Your task:
Print nothing but the lines below starting at the line that holds "Rpp Pendidikan Agama" and ending at the line that holds "Lot 756: 1897 $20 Liberty Head Double Eagle", including both, each exactly as written.

Information given:
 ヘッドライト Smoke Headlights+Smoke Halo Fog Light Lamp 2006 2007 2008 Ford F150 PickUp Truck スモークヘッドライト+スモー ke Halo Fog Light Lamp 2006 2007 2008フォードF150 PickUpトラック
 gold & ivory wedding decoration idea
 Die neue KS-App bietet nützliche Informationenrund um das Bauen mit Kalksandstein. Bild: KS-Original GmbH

* * *

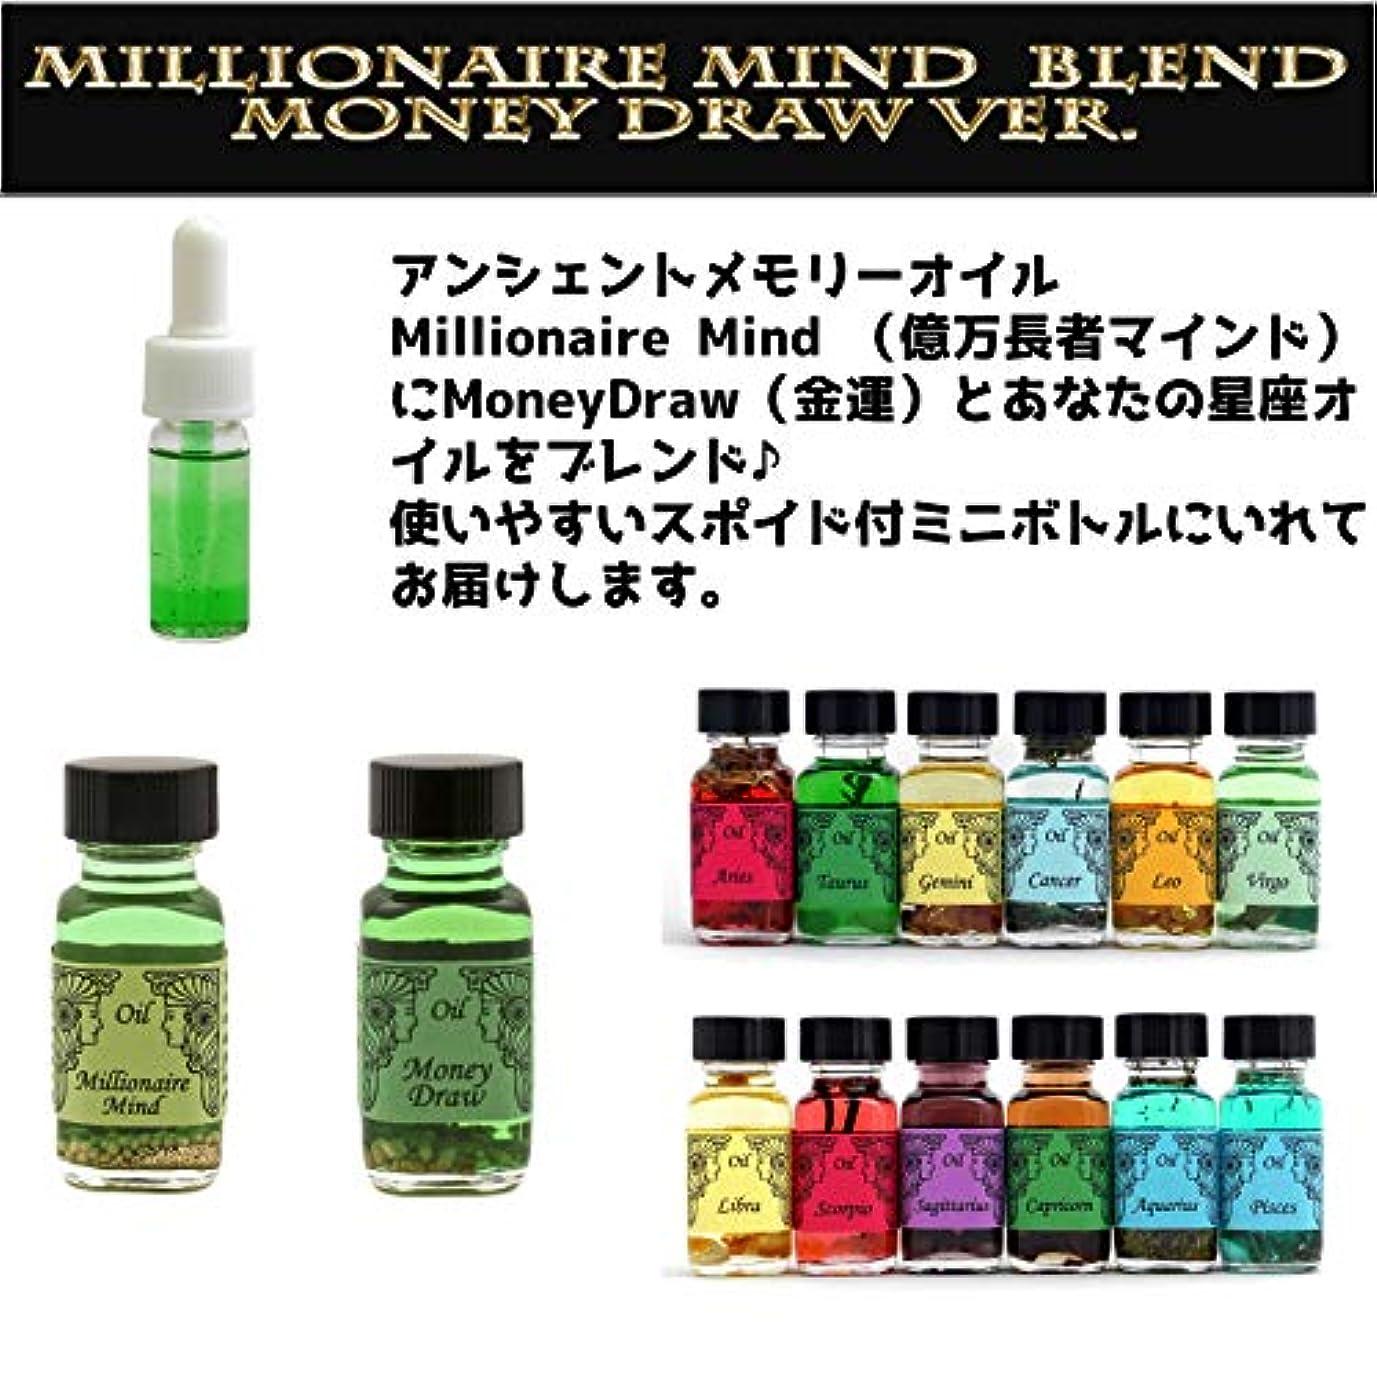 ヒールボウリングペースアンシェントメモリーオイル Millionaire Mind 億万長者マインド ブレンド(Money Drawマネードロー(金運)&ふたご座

---

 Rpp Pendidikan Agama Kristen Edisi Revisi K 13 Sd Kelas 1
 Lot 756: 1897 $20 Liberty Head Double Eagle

Response to this task:
 Rpp Pendidikan Agama Kristen Edisi Revisi K 13 Sd Kelas 1
 Lot 756: 1897 $20 Liberty Head Double Eagle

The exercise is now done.